El tiempo presente, el de Jaime Concha y el de Chile, se lee con mayor claridad a través de sus ensayos más recientes. Los unifica la distancia, como si el paso del tiempo se hubiera detenido y hoy día la historia no fuera una dimensión fundante de la crítica y estuviera siendo reemplazada, poco a poco, por el espacio.
Roberto Bolaño y José Miguel Varas son sus afinidades electivas en el oficio difícil de estar lejos. La geometría que descubre en Amuleto es una buena metáfora de la primera opción que tiene ante sí: el vértigo de un adiós sin culpas ni remordimientos, de un desprendimiento definitivo y un movimiento incesante, sin centro, sin anclaje, sin final. Varas es el modelo opuesto: el retorno que alienta el fuego de la memoria, sabiendo que recordar puede ser una experiencia dolorosa, como reconocer en el pasado un mundo que, irremisible, se ha derramado sobre un manto de arena.
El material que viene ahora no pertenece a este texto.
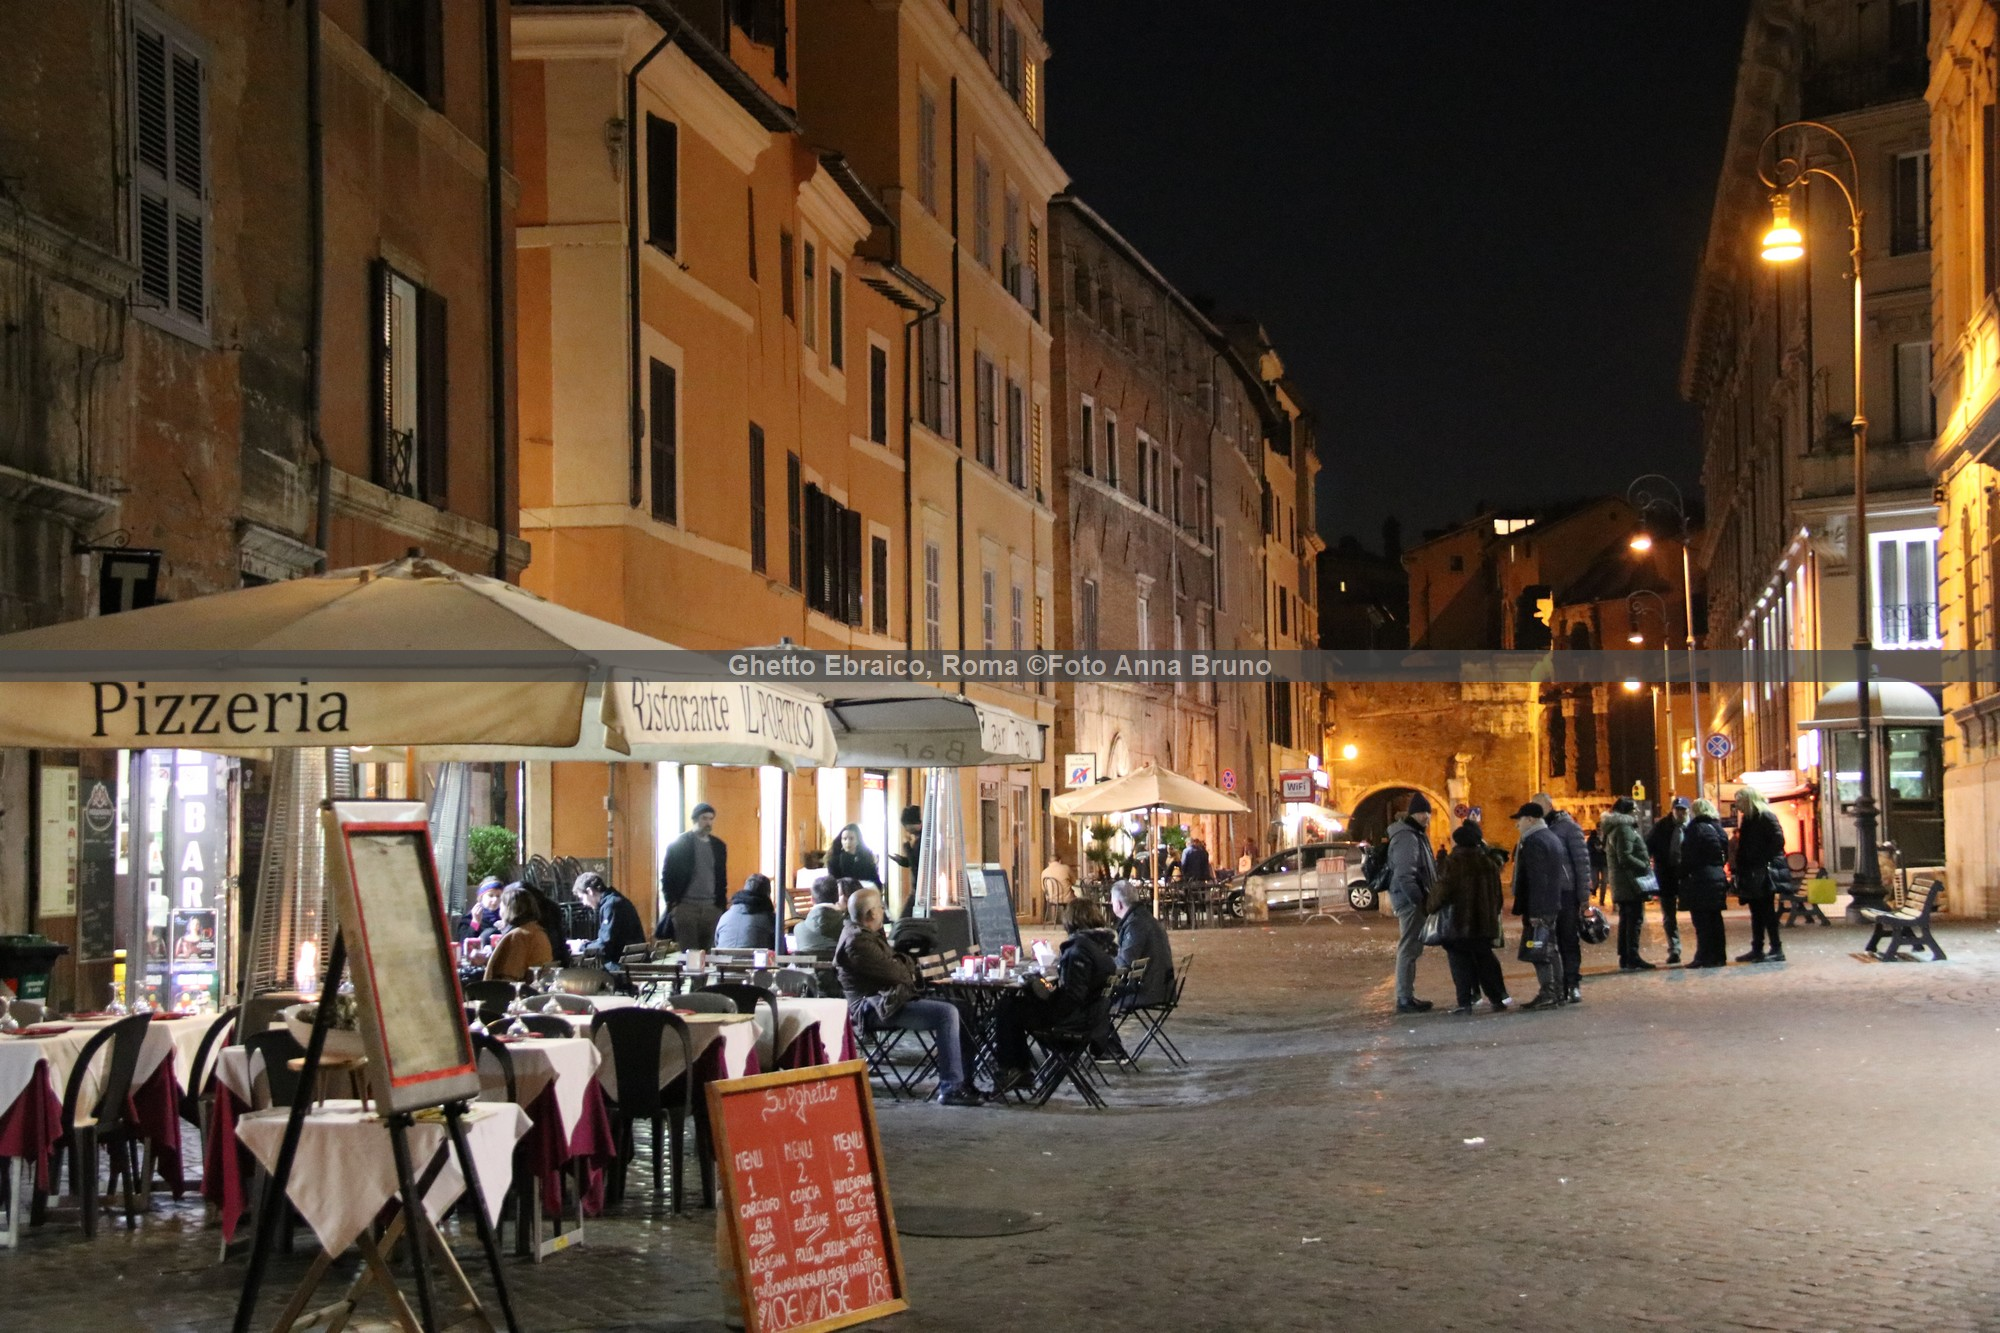 Ghetto Ebraico, Roma ©Foto Anna Bruno

La suya es a fin de cuentas una órbita kepleriana: uno de sus focos, el cercano, lo ocupa todavía Chile. En el otro está el mundo, el universo, quizá también la soledad que se requiere para venir, de vez en cuando, a visitarnos.
El texto crítico
Escribe Marx en el 18 de Brumario : «los hombres hacen su propia historia, pero no la hacen a su libre arbitrio». Replica Concha, en su artículo sobre Martín Rivas : «la estatura artística, el alcance y la estela de [las] obras [literarias] poseen una final correlación con el desarrollo nacional de los países respectivos». Leer a contraluz , es cierto, insiste en lo que ata el libre arbitrio y lo que hiere su deseo, pero esta insistencia no es otra cosa que la expresión de una esperanza tan antigua como terca. Los juicios de este libro, precisamente, ponen de relieve su compromiso con un proyecto moderno que busca corregir el orden heredado, hacer la propia historia.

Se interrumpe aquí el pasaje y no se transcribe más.